La question de la voix est assez délicate en philosophie, pas mal souterraine, marginale ; la voix y est resté un « objet » très mal identifié, comme un résidu naturel entre les entités dignes et glorieuses que sont la pensée et la langue (logos) ; une espèce de matière première, brute, de l’expression, et qui ne prend son sens qu’une fois articulée. On peut dire ainsi, que la voix est quelque chose comme le plébéien de l’appareil expressif, celui qui porte — support ne valant pas pour soi, mais du valant-pour. 

Sauf, peut-être, si on l’élève… dans un cri, par exemple d’étonnement, ce qui est le commencement même de la philosophie. Les concepts, sont avant tout des cris, disait Deleuze. Car l’Être est avant tout clameur, que la connaissance tente de capter dans les rets du symbolique.     

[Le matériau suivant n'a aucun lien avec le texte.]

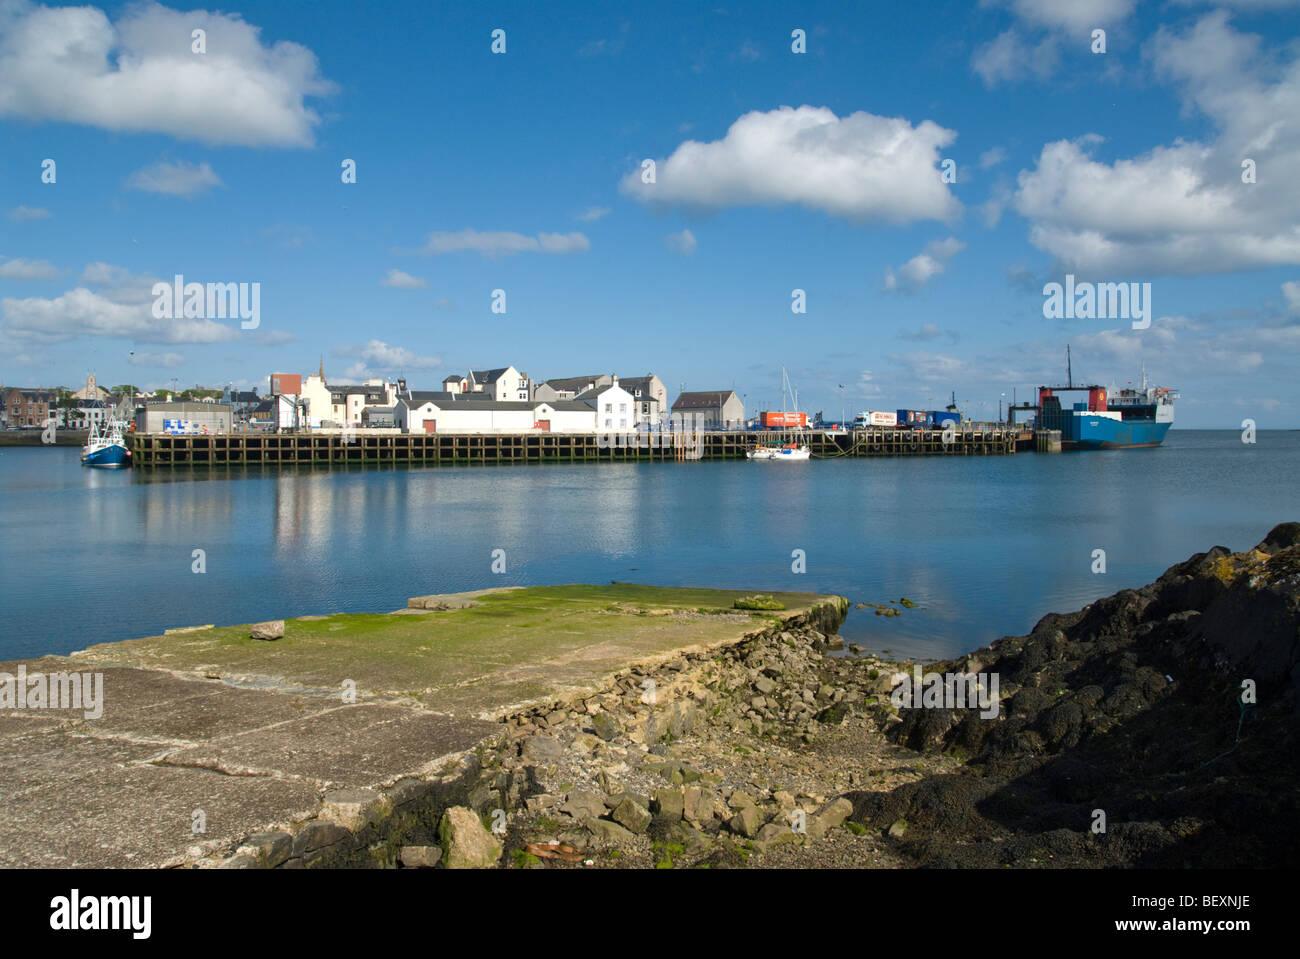 View across Stornoway harbour, Isle of Lewis, Scotland - Stock Image

Il y a une politique de la voix levée, qui est reliée à sa bonne ou mauvaise portée. La voix qui se hausse sous forme de ton, qui porte un ordre, et compte se faire entendre pour se faire obéir. Et la voix portée jusqu’à sa limite, voire au-delà, devient cri, et ne porte pas, servante, un sens préétabli, mais s’emporte et emporte avec elle le sujet parlant (défait, criant) dans une monstration de son propre être de voix.

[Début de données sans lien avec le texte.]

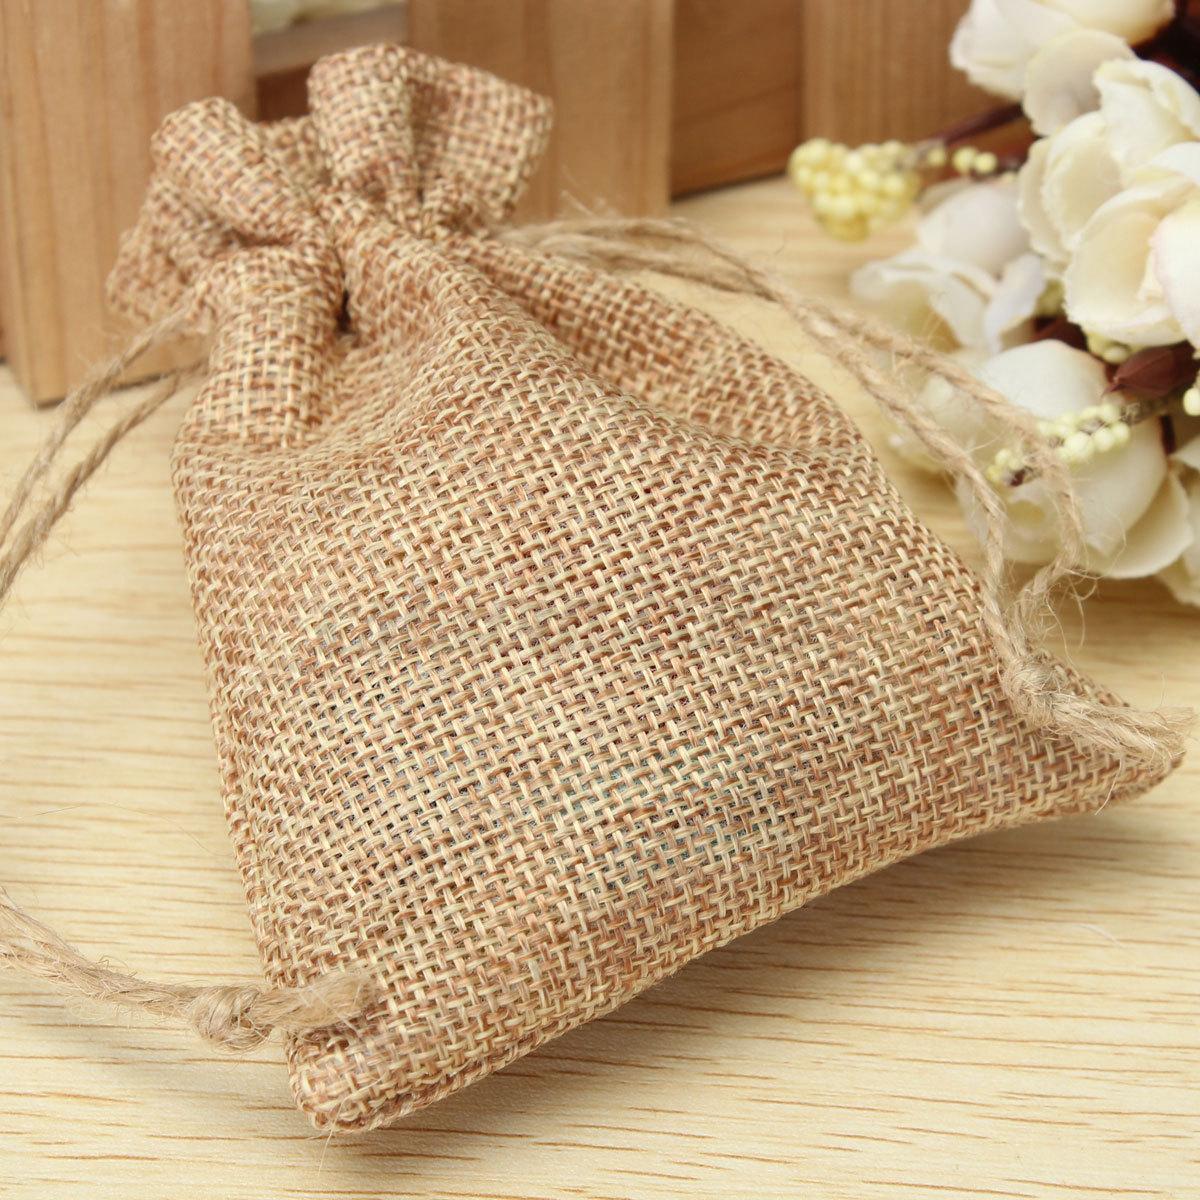 Wedding Favor Jute Bags : ... -Natural-Jute-Hessian-Drawstring-Pouch-Burlap-Wedding-Favor-Gift-Bags

Disons, qu’il y aurait la sale voix qui porte, et les belles voix, souvent cassées, où l’on s’emporte — qu’il y a, pour reprendre Rancière, une police du hurlement et une politique du cri. 

Ce n’est certainement pas aussi simple. Reste, que quelque chose d’inaliénable s’atteste dans la voix; qu’entre mutisme et cri, c’est souvent dans la recherche d’une (hauteur) de voix propre (Cavell) que se joue l’être même du sujet, et sa place dans la clameur du monde. 

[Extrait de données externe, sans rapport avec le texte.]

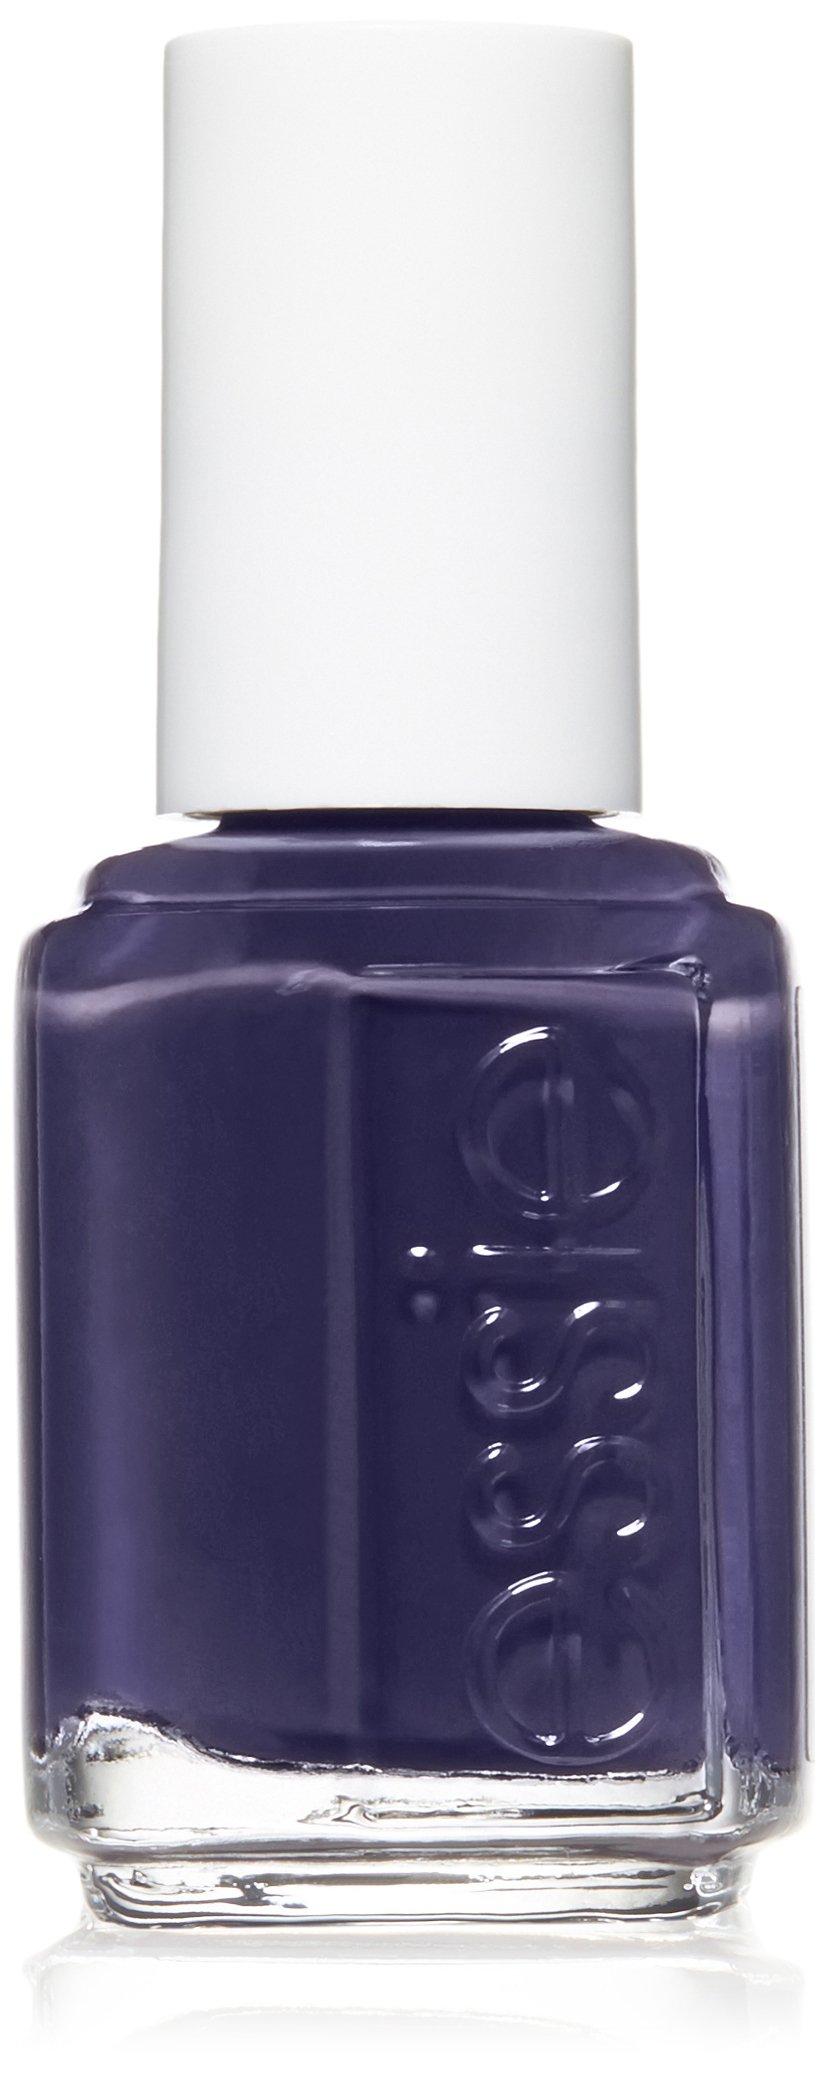 Amazon.com : essie nail polish, go overboard, blue nail polish, 0.46 ...

Enfin, qu’est-ce qu’une voix insupportable ? Pourquoi est-elle, souvent, féminine ?   

Apéro puis repas

15h – 16h30 « À l’école, ça crie et ça rit ! » Sarah Roy

Entre les cris dans la cour de récréation, à la sortie de l’école. Les cris de l’institutrice dans sa classe. Les cris des élèves présentés comme « perturbateurs ».

Et puis il y a les cris que j’appellerais cri sourd, les appels à l’aide ou les appels au jeu. Et pas que des élèves, aussi des professeurs.

À l’école, ça crie ! Et pourtant, l’école est pour les élèves censés être ce que j’appelle une « safe place ».

Il y a là une vraie dualité de l’école. Une dualité du cri.

Alors qu’est-ce que le cri à l’école ? Et pourquoi, quelles sont les causes de ces différents cris ?

Comment nous, en tant qu’instituteurs, nous pouvons faire face à cela ? Qu’est-ce qui se cache derrière tous ces cris ?

17h – 18h30 « Pasolini. Le cri, le langage ; la parole, le théâtre » Alain Naze

On sait que Pasolini faisait du cri l’origine même du langage, ce qui lui permettra d’enraciner les langues (non standardisées) dans la réalité corporelle. Partant de là, on aurait pu penser que Pasolini, en venant à la question du théâtre, aurait été intéressé par les formes théâtrales de la « cruauté » (Artaud) et du cri. Or, il va affirmer son orientation vers un théâtre de la parole, notamment à l’écart des expériences du Living Théâtre.

Il s’agira, dans le cadre de cette intervention, de saisir les raisons de ce choix. On ne manquera pas, cependant, de noter que Pasolini ne reste pas insensible au « théâtre du cri ». C’est cette tension qu’on essaiera de comprendre, entre la position politique qu’il adopte, concernant le théâtre, et ce qui serait peut-être sa pente naturelle.

19h Apéro puis repas

Lecture surprise en soirée !

Inscription obligatoire avant le samedi 8 juin

Tarif de la journée (interventions + repas midi, boissons comprises) : 35 € (25 € chômeurs, étudiants). Sans le repas du midi : 15 € par demi-journée.

Possibilité d’hébergement au gîte “Le closet” de Fertans. Repas du soir au gîte : 10 €. Nuitée du samedi : 20€. Week-end complet (avec repas et nuitée du vendredi soir) : 85 €.